Over 100,000 supporters of two major Bangladesh opposition parties rallied in the capital Dhaka on Saturday, police said, demanding Prime Minister Sheikh Hasina step down to allow a free and fair vote under a neutral government.
Saturday’s rallies by the main opposition Bangladesh Nationalist Party (BNP) and the largest Islamist party, Jamaat-e-Islami, were the biggest so far this year, AFP journalists on site said, and marked a new phase in their protests with a general election due within three months.

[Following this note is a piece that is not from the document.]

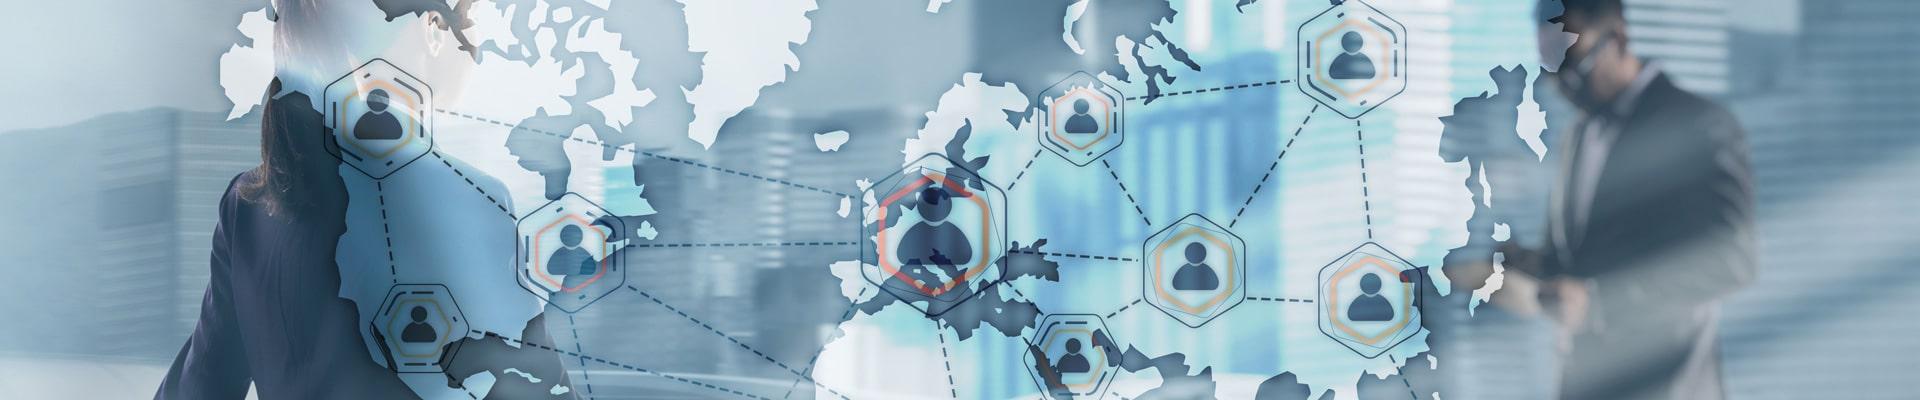 Sous traitance et externalisation offshore, une augmentation des demandes des entreprises pour faire face à la pandémie du Covid-19

Hasina — daughter of the country’s founding leader — has been in power for 15 years and has overseen rapid economic growth with Bangladesh overtaking neighbouring India in GDP per capita, but inflation has risen and her government is accused of corruption and human rights abuses.
The resurgent opposition has been mounting protests to press their demands for months, despite the BNP’s ailing leader Khaleda Zia, a two-time premier and old foe of Hasina’s, being effectively under house arrest after a conviction on corruption charges.
Her supporters poured into Dhaka on Saturday, crammed into buses despite checkpoints on the road into the capital, and even rode on top of packed trains.
“Vote thief, vote thief, Sheikh Hasina vote thief,” chanted the crowd at the BNP demonstration in front of the party headquarters.
Student activist Sekandar Badsha, 24, from Chittagong, said: “We demand the immediate resignation of the Hasina government, release of our leader Khaleda Zia and establishing the people’s right to vote.”
At least 10,000 police had been deployed to prevent violence, officials said, but officers clashed with hundreds of protestors in the Kakrail neighbourhood in front of the city’s largest Catholic church, with police firing tear gas and rubber bullets.
“Some police officers were injured,” deputy police commissioner Akterul Islam told AFP.